SUPPLIED DATA ->
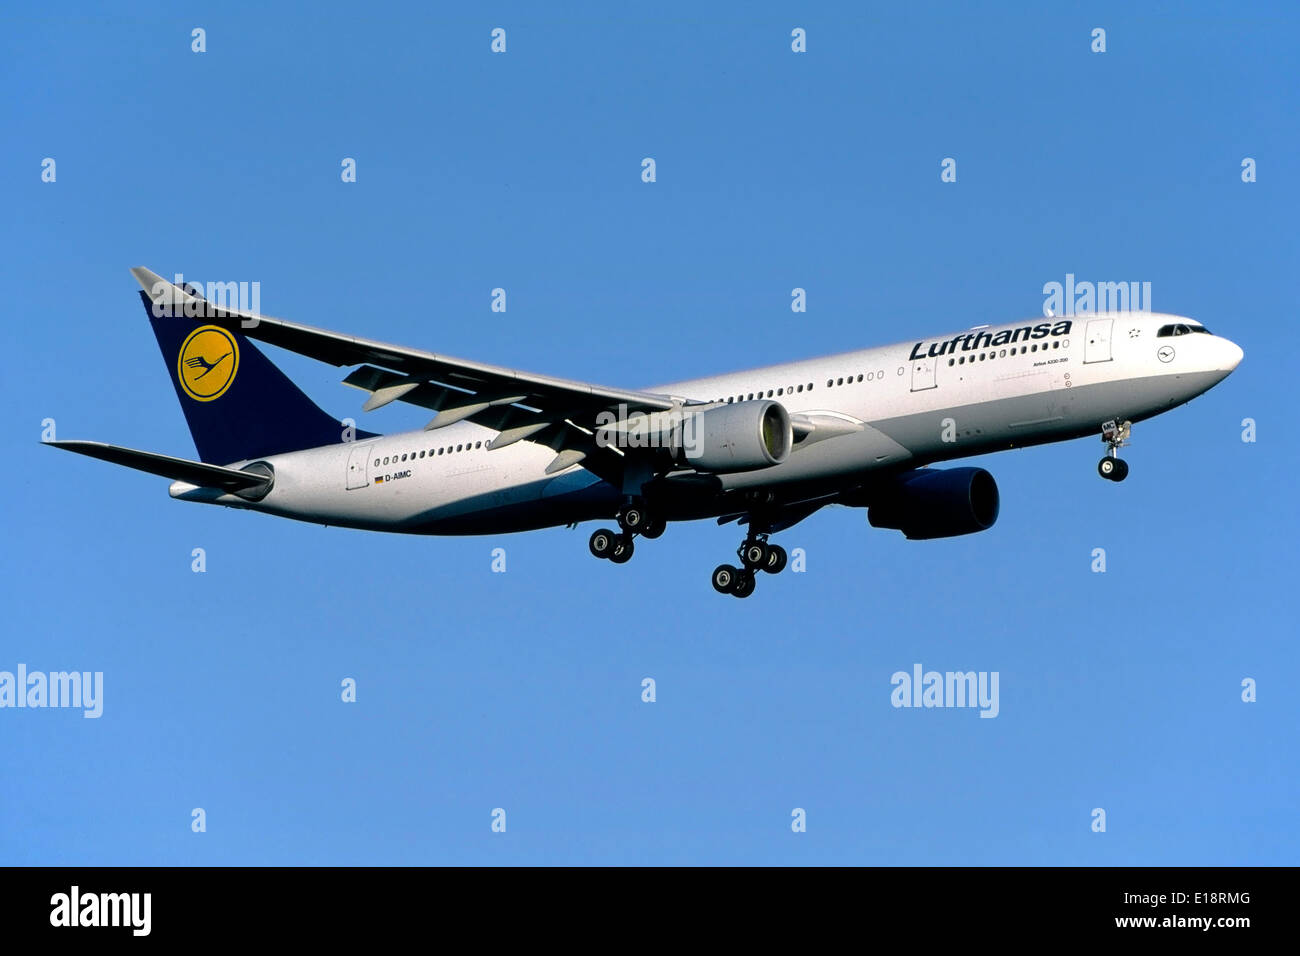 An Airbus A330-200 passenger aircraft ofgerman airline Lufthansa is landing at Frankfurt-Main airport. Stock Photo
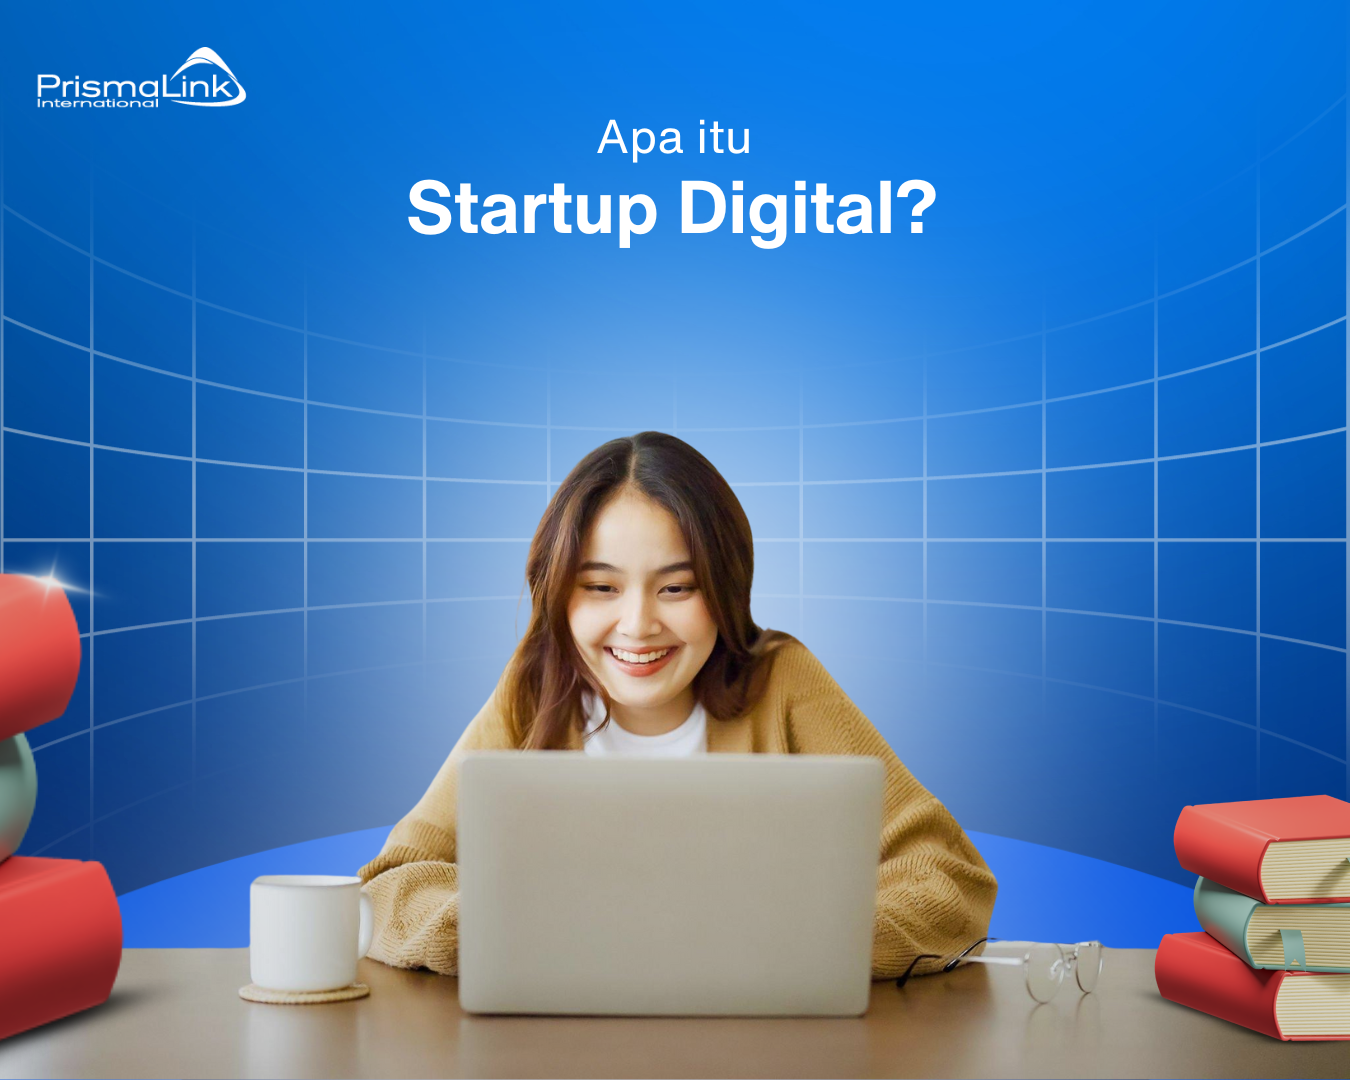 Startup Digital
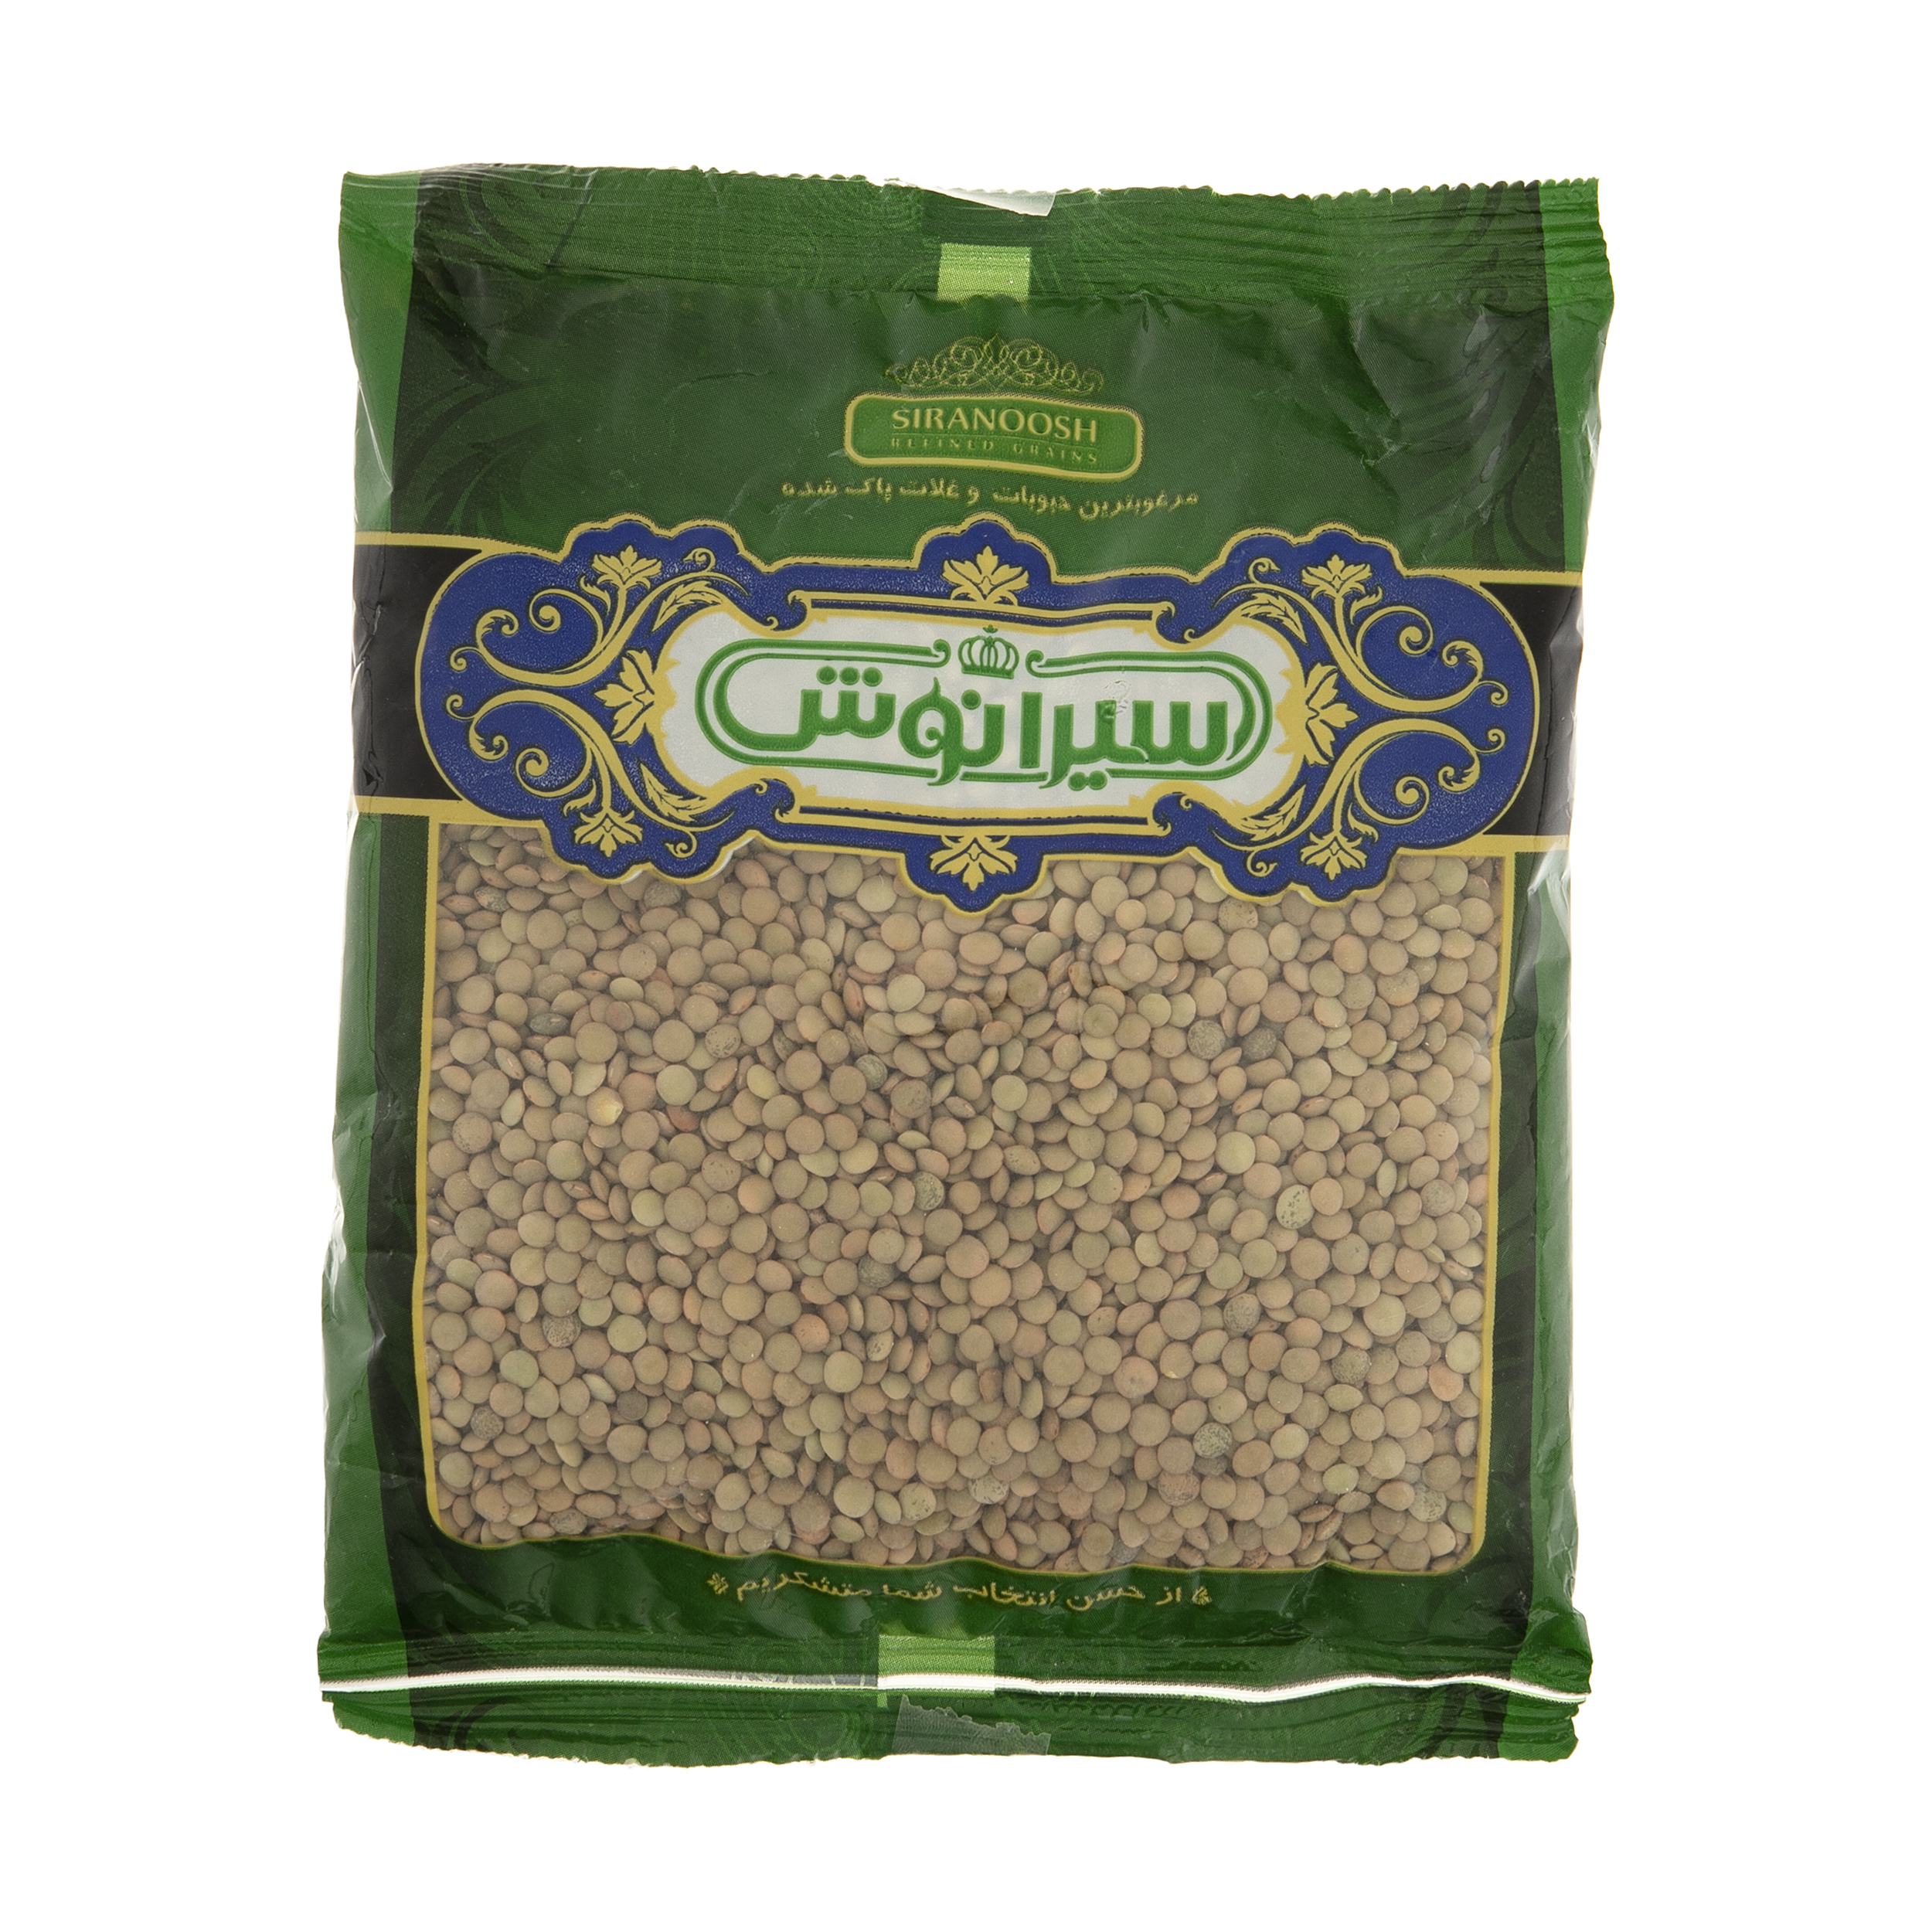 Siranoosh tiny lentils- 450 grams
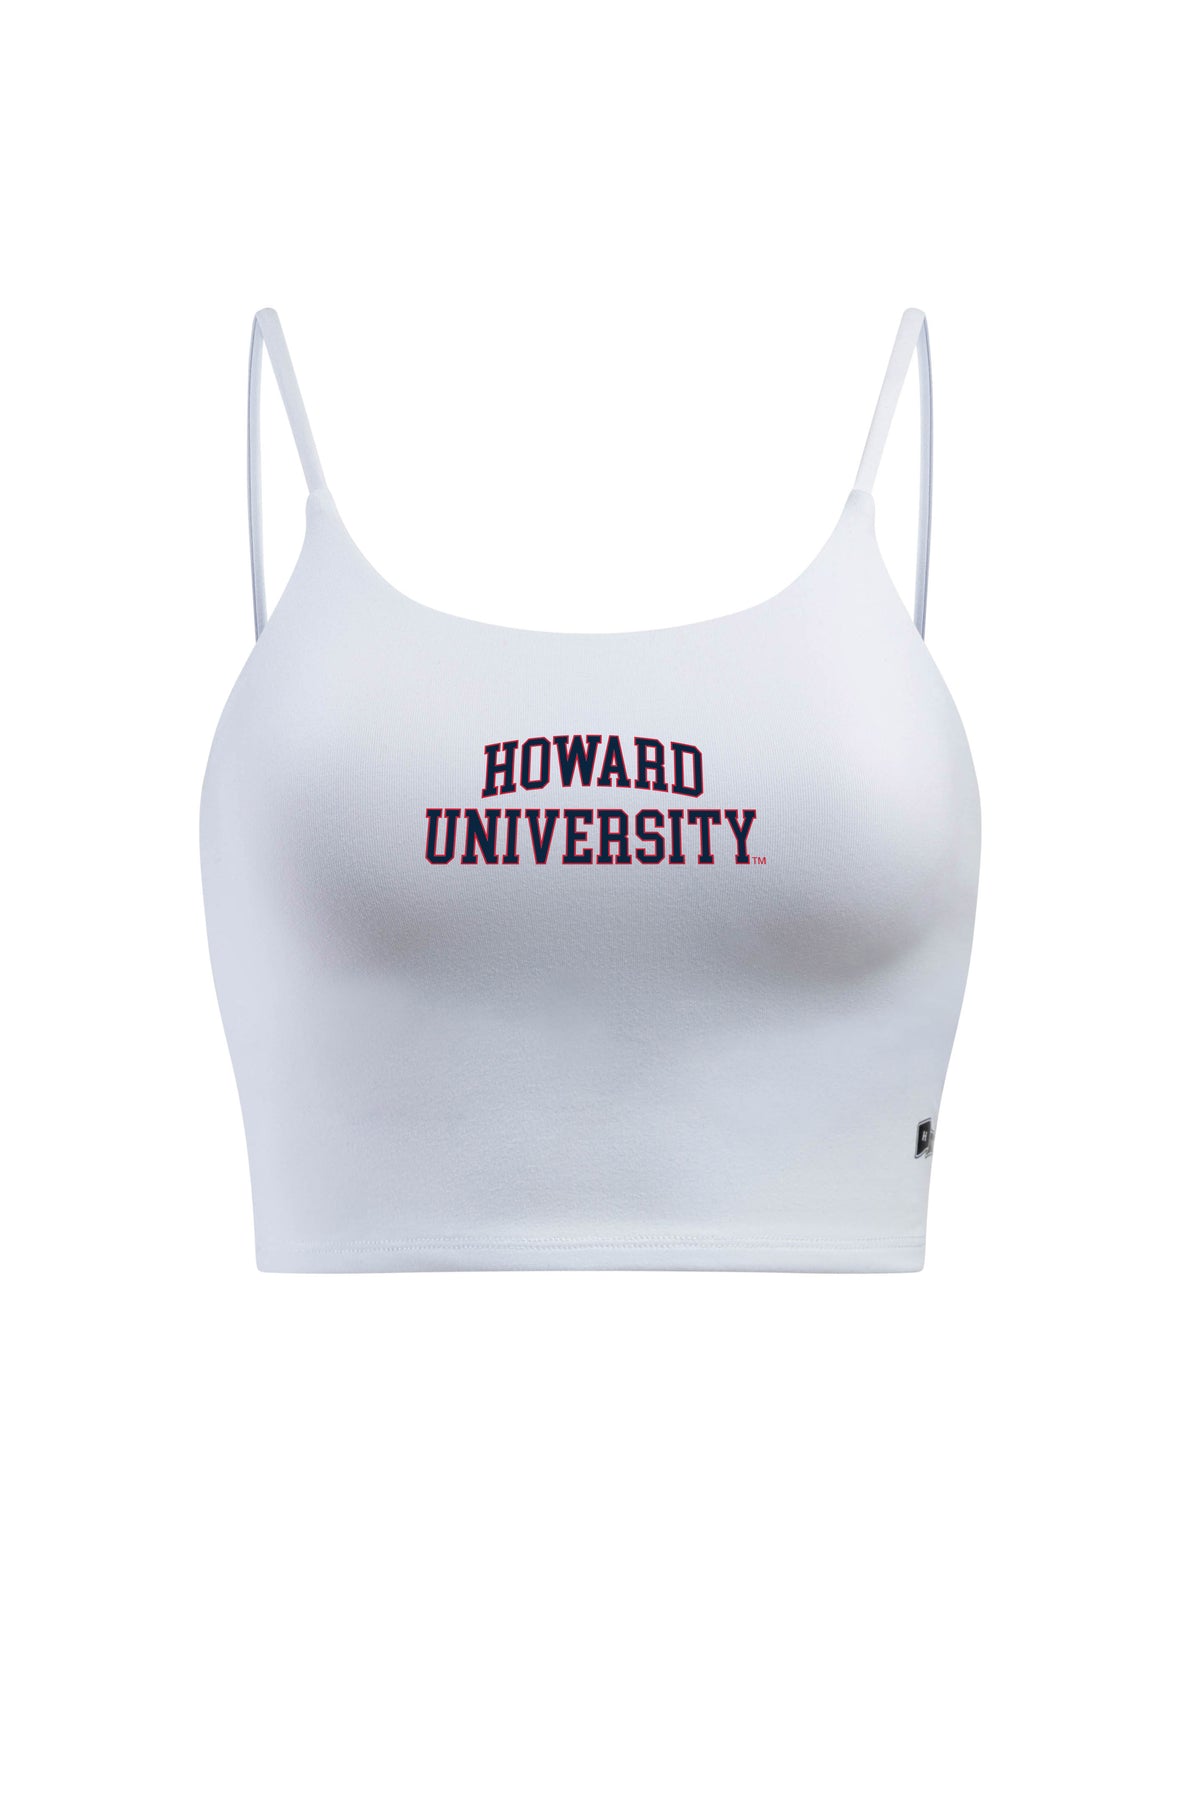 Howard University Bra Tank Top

PROBLEM -> Omit the pictures and output all remaining material exactly.

WRITTEN ANSWER ->
 An Airbus A330-200 passenger aircraft ofgerman airline Lufthansa is landing at Frankfurt-Main airport. Stock Photo
 Startup Digital
 Siranoosh tiny lentils- 450 grams
 Howard University Bra Tank Top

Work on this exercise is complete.